Wanted for Crimes Against Humanity: Christopher Columbus
As you may have read, Venezuela President Nicolás Maduro called out Spain for making October 12 a national holiday and, by extension, celebrating the holocaust of this hemisphere’s Indigenous peoples.
But what about the United States? Children are taught Columbus was a great explorer who “discovered America,” parades are held in his honor, and almost the entire country has a day off, and while there are protests, rarely is there a serious discussion within the United States to consider ending the observance of Columbus Day as a national holiday.
And so, we ask: Why does the United States celebrate Columbus Day as a national holiday if by doing so it also celebrates the genocide of Native peoples? And why is it still a national holiday years after this country has passed landmark civil rights legislation?

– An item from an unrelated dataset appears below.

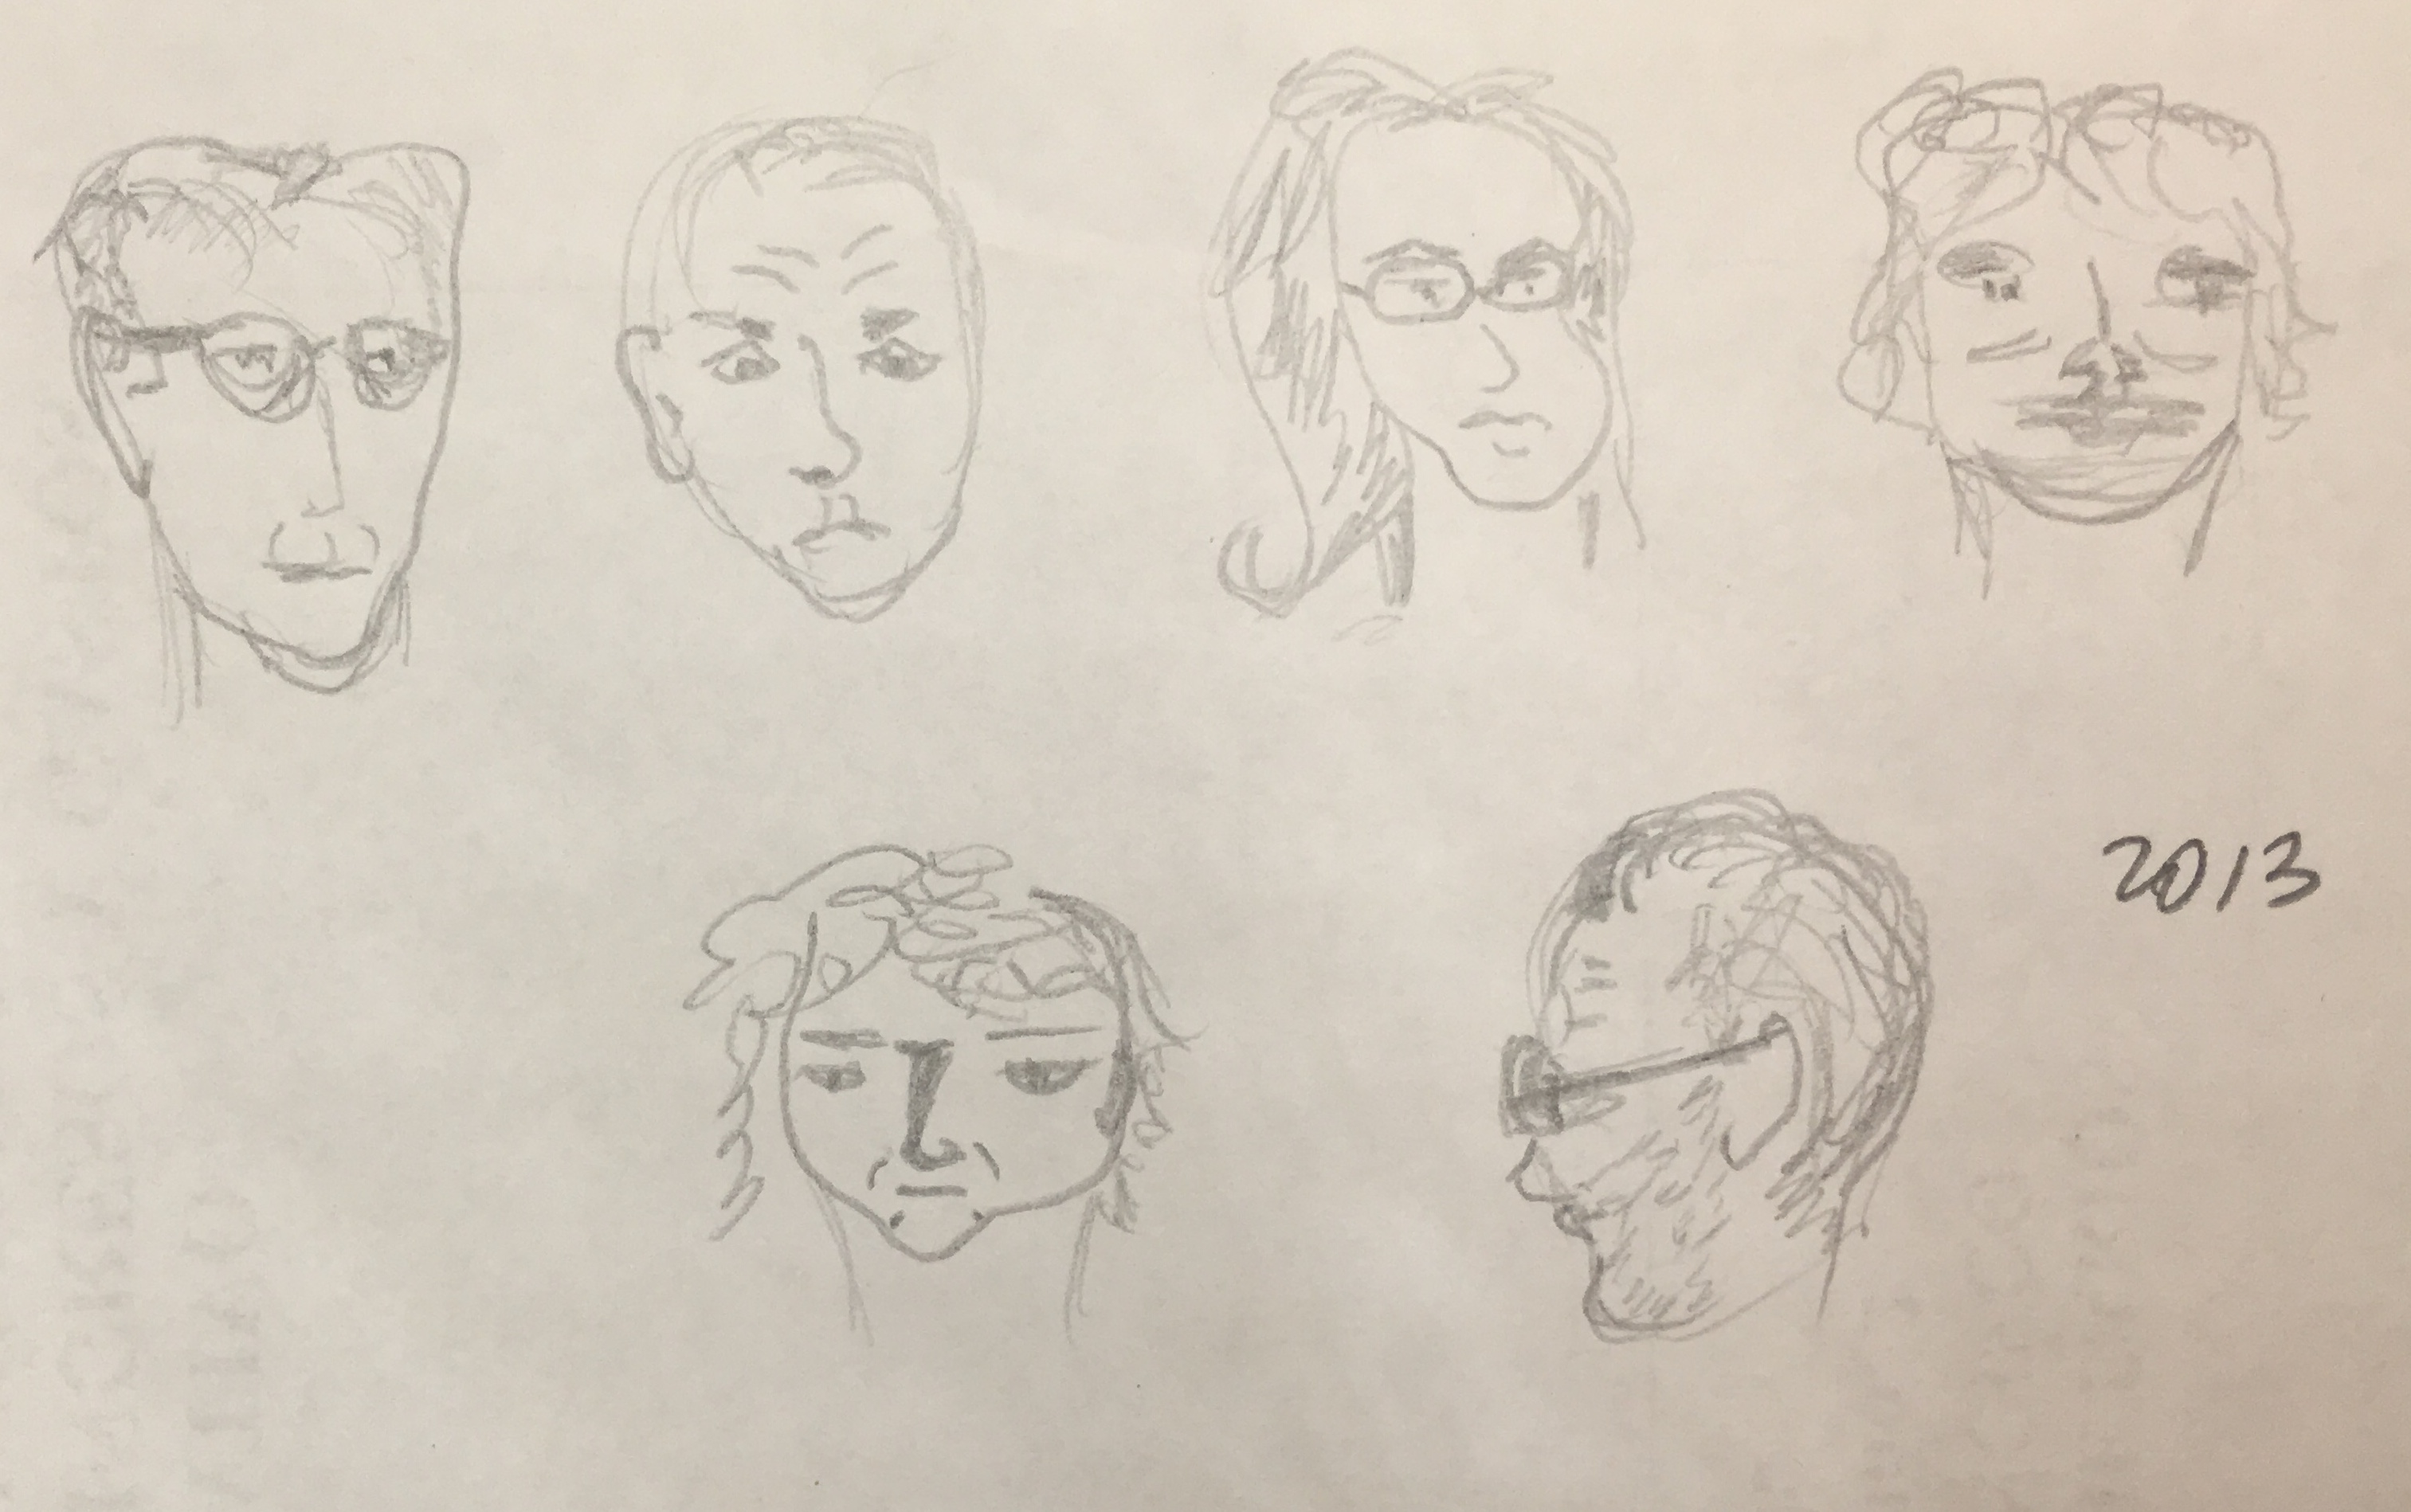 La Reunion - pencil drawings

It may have to do with the fact that unlike Mexico and most countries to the south, Indigenous peoples make up a significant portion of the population. The United States is a big country in both population and size and outside of a few regions (Four Corners, Oklahoma, the Northern Plains), Natives are rarely considered when discussing national affairs. And, of course, we know why.

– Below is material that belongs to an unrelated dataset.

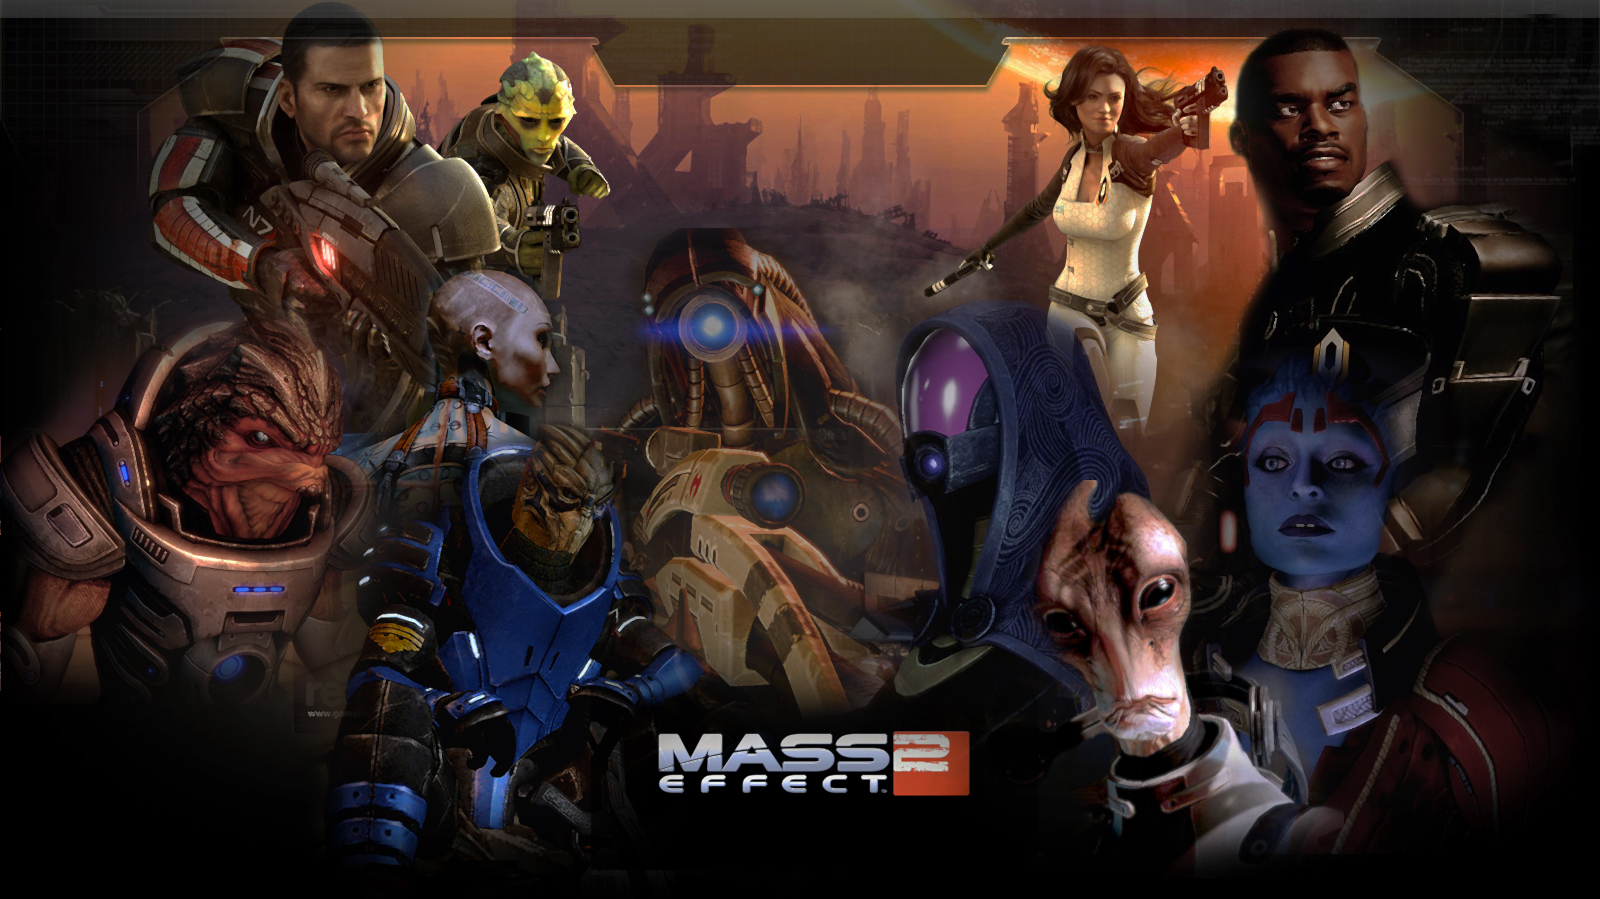 Best video game ever Mass_Effect_2_Wallpaper_by_zeebow14

The United States wouldn’t exist if not for the genocide of Natives and the enslavement of Africans. Even Canada with all of the abuses it’s committed against First Nations is one of the few countries in the Western Hemisphere that doesn’t celebrate Columbus Day.
While some are discussing changing the name of the Washington Redskins, a campaign to end Columbus Day as a national holiday would serve to hash out the question of Native mascots while addressing the larger issue of respect for the United States’ First Nations.
1521 years later, Columbus is still guilty of genocide and the Indigenous peoples of the United States are still alive and fighting for their rights as sovereign nations. It’s time to end Columbus Day!